Task prompt
The answer must be the lines from the one that holds "Royal tombs of" through the final line of the data, copied exactly, with no pictures.

Supplied information

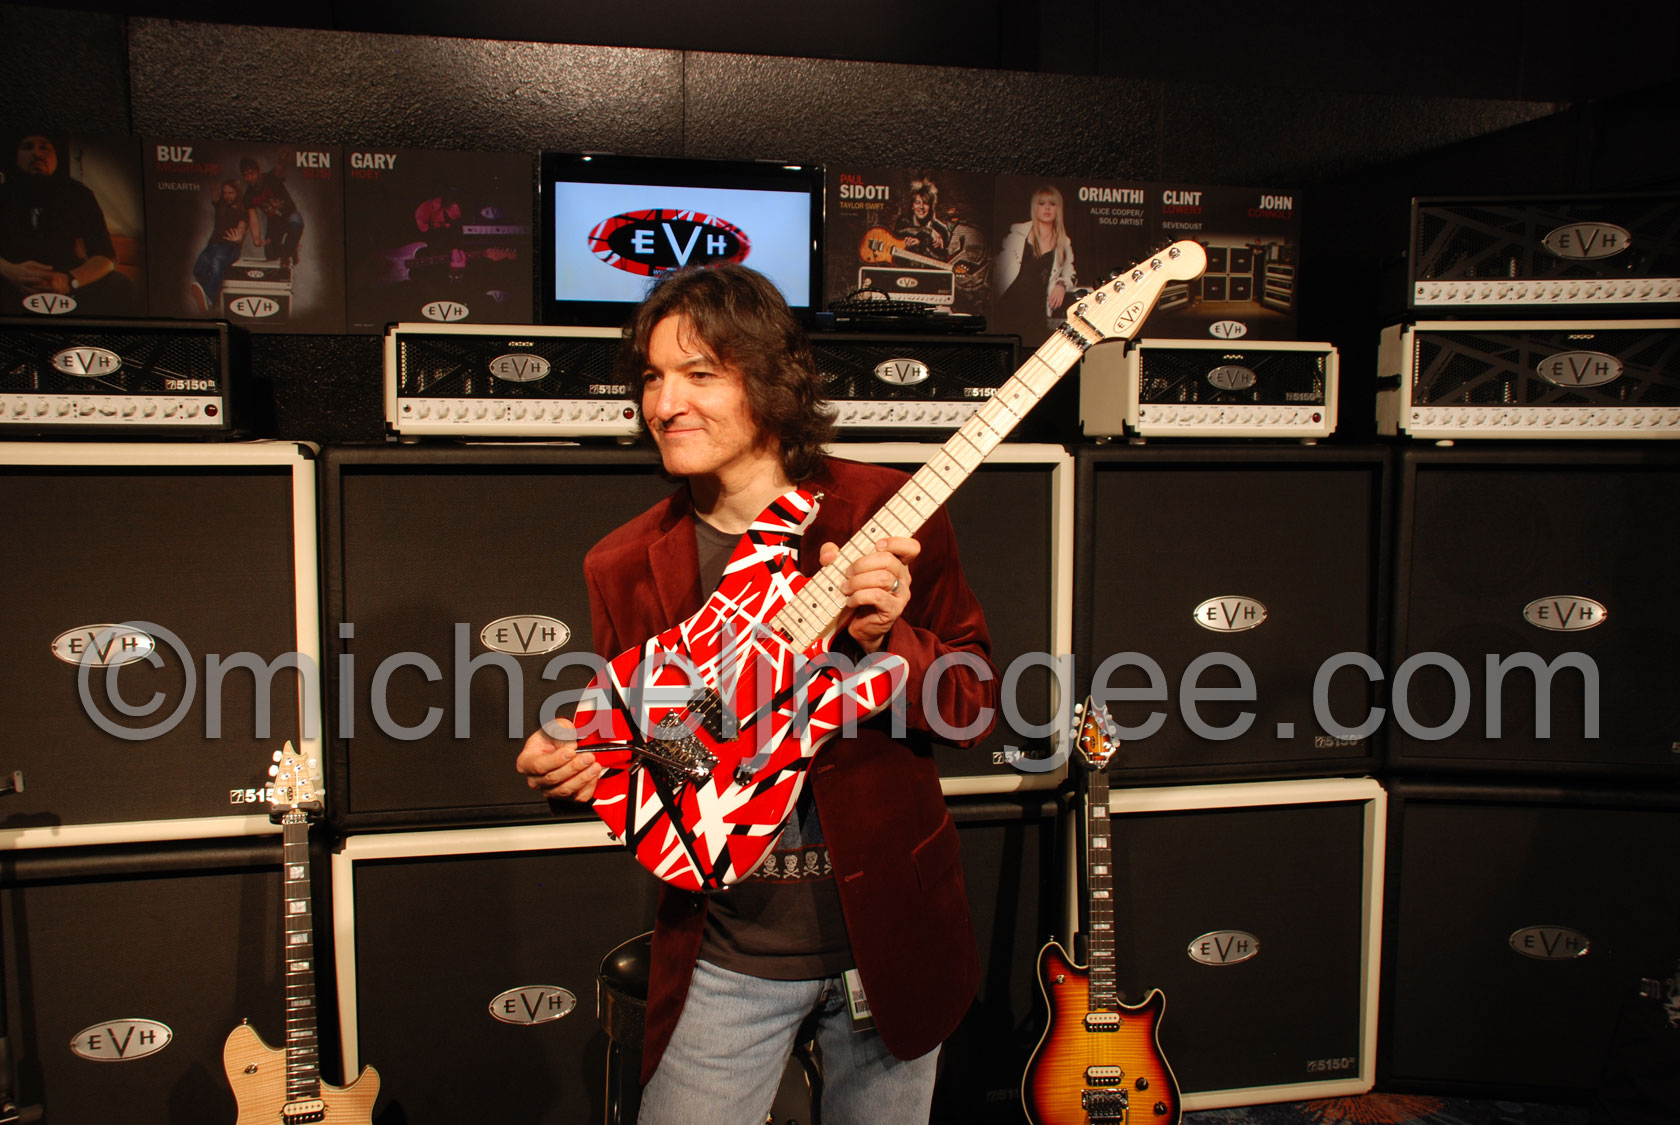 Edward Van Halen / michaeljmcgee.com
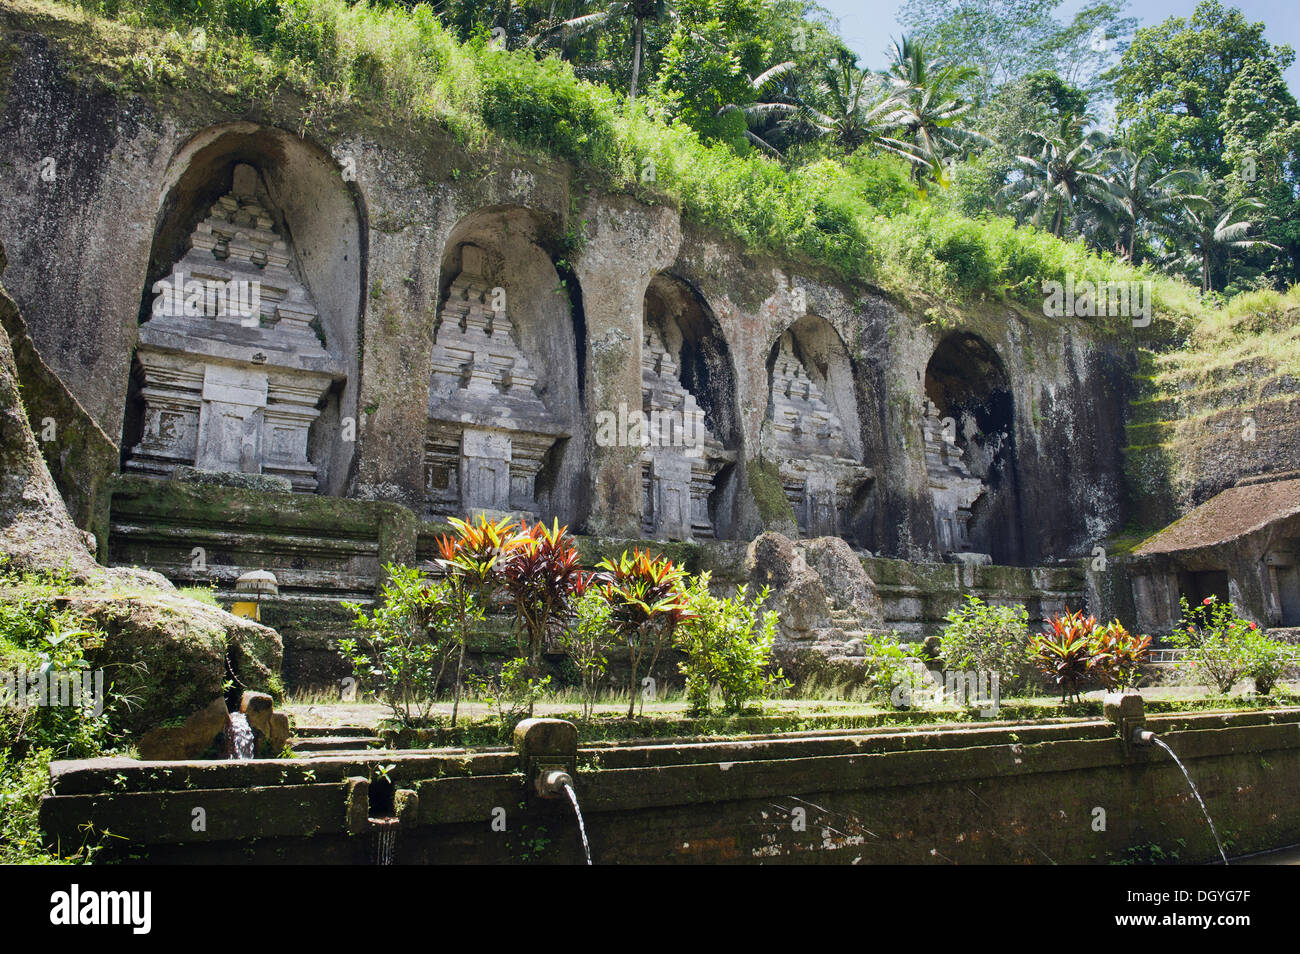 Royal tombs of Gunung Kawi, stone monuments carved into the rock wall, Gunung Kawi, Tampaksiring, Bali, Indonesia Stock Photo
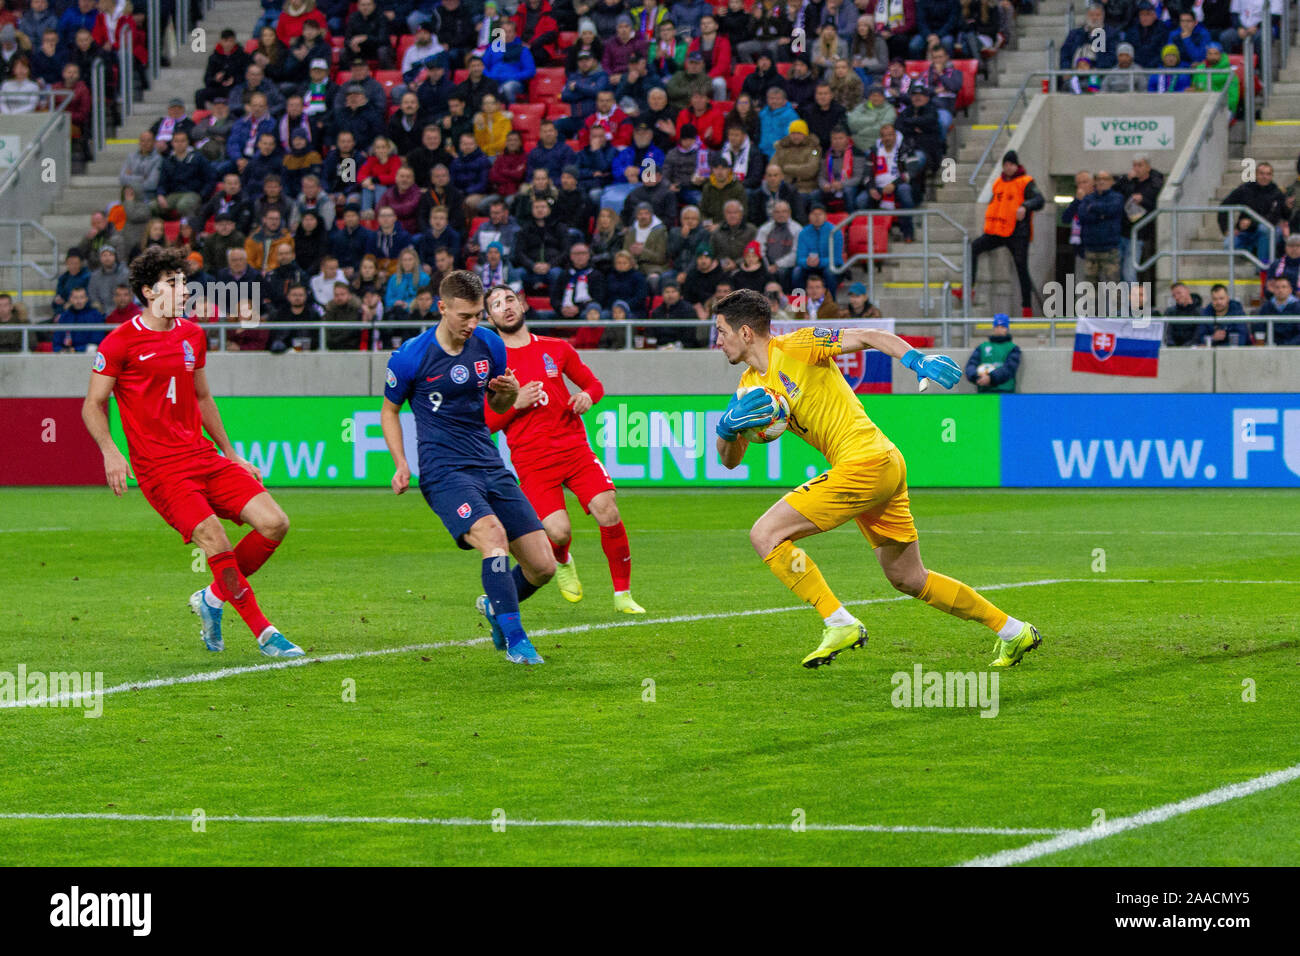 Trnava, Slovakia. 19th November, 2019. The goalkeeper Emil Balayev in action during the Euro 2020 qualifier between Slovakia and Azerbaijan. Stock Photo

Solution
 Royal tombs of Gunung Kawi, stone monuments carved into the rock wall, Gunung Kawi, Tampaksiring, Bali, Indonesia Stock Photo
 Trnava, Slovakia. 19th November, 2019. The goalkeeper Emil Balayev in action during the Euro 2020 qualifier between Slovakia and Azerbaijan. Stock Photo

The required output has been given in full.